I couldn’t hardly believe my eyes when I saw him and I really wanted to get a photo, so I thought I better get out there again and make sure I was really seeing what I was seeing. So Sunday morning I got up at 6 a.m. and headed over to Handberg’s. The winds had calmed and it was a very quiet Sunday morning. Sure enough there he was, again in the same spot, in front of the sign warming himself in the early morning sun.   
Mockingbird in flight

Mockingbird in flight

This photo shows his white wing patches quite well. You can also see the white wing bars. His white tail feathers are also a good field mark. The two outer tail feathers are long and white and when the bird flies up, those tail feathers stick out like a sore thumb!

A Northern Mockingbird in Minnesota is considered a “rare” regular. According to the MOU (Minnesota Ornithologists’ Union), a Regular species are those for which there are Accepted records in ten or nine years out of the past ten years. Northern Mockingbirds seem like they have been showing up in Minnesota the last few years in greater numbers than ever before.

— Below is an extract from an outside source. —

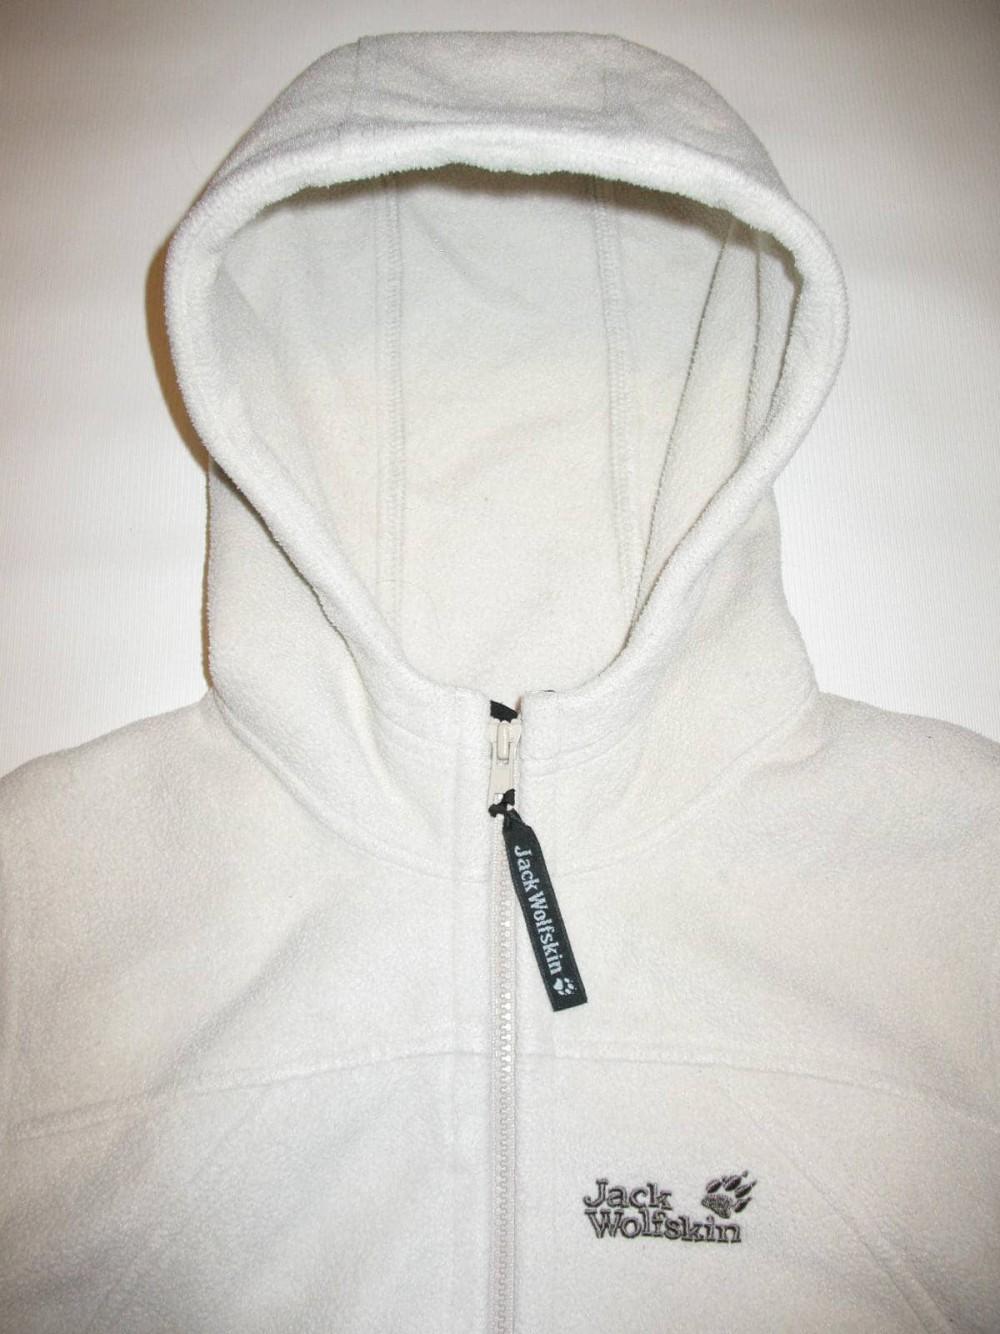 Куртка JACK WOLFSKIN luminario fleece jacket lady (размер S/M) - 2
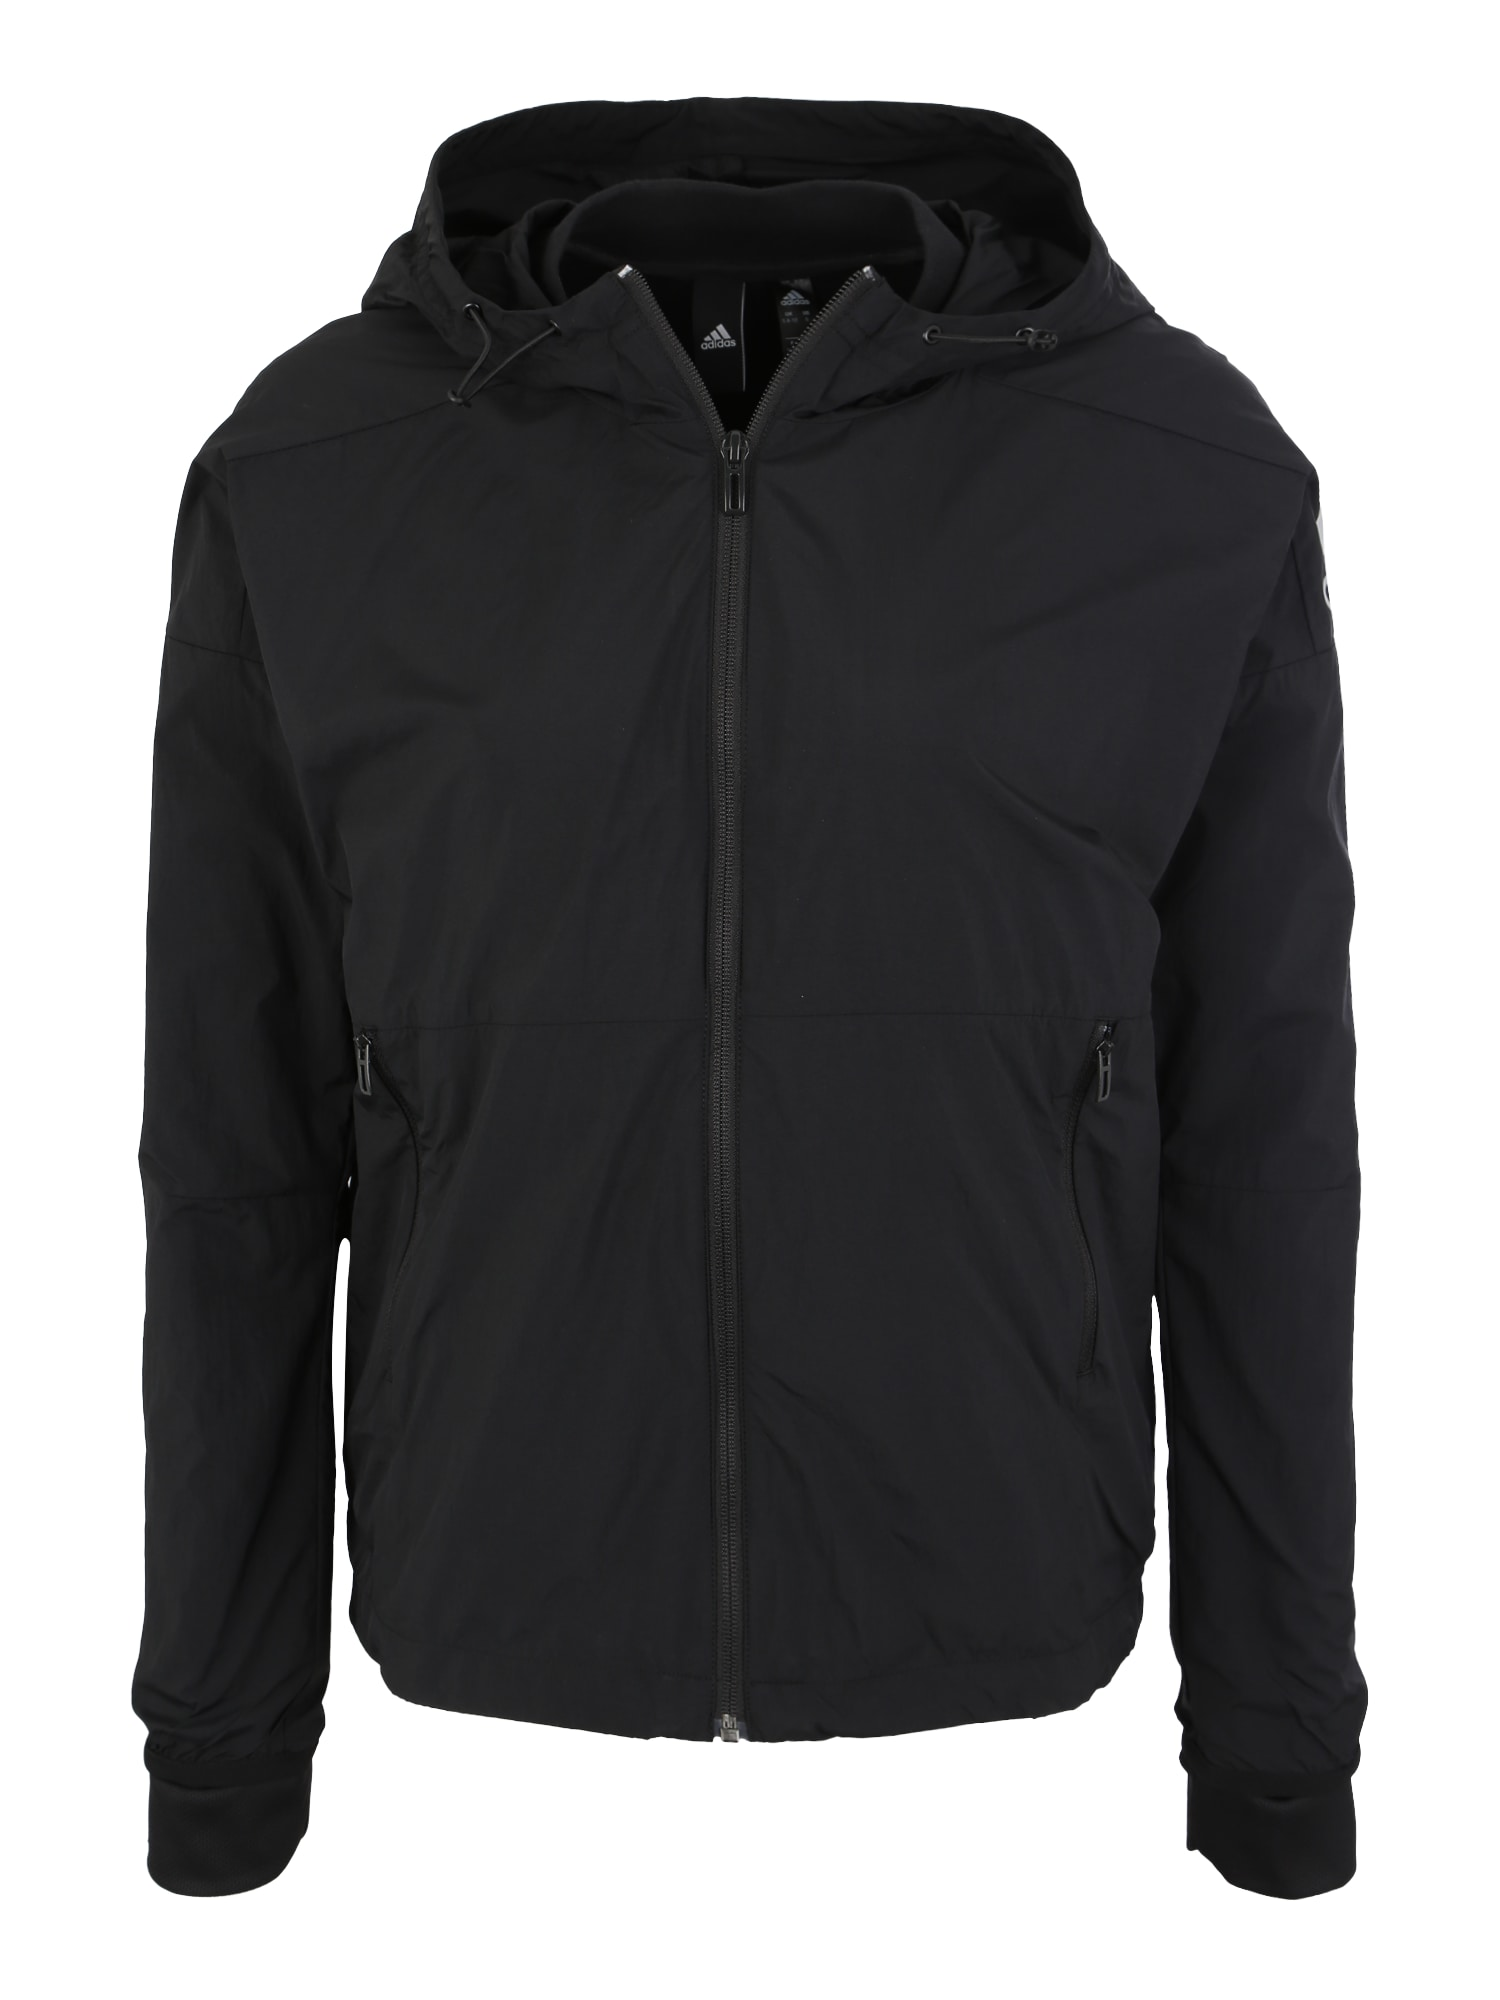 Outdoorová bunda W Id 2in1 Jkt černá ADIDAS PERFORMANCE

This year there have been reports from Marshall County, Nicollet County, Duluth, 2 birds on the North Shore, and 3 separate birds from Minneapolis. Last summer a Mockingbird spent a lot of time on an entrance sign to the Minneapolis airport – and he’s back again this year. There are five recorded breeding records in Minnesota for the Mockingbird.

Now I know folks that spend time in the southern U.S. are probably very familiar with this bird. Mockingbirds can even get a little obnoxious with their continual singing – sometimes they will sing all night long! They’ll imitate other birds and even things like car alarms and sirens. They sing their song in short phrases and the phrases are usually repeated 3 times. Their close relative, the Brown Thrasher, also sings in phrases, but they only repeat the phrase 2 times.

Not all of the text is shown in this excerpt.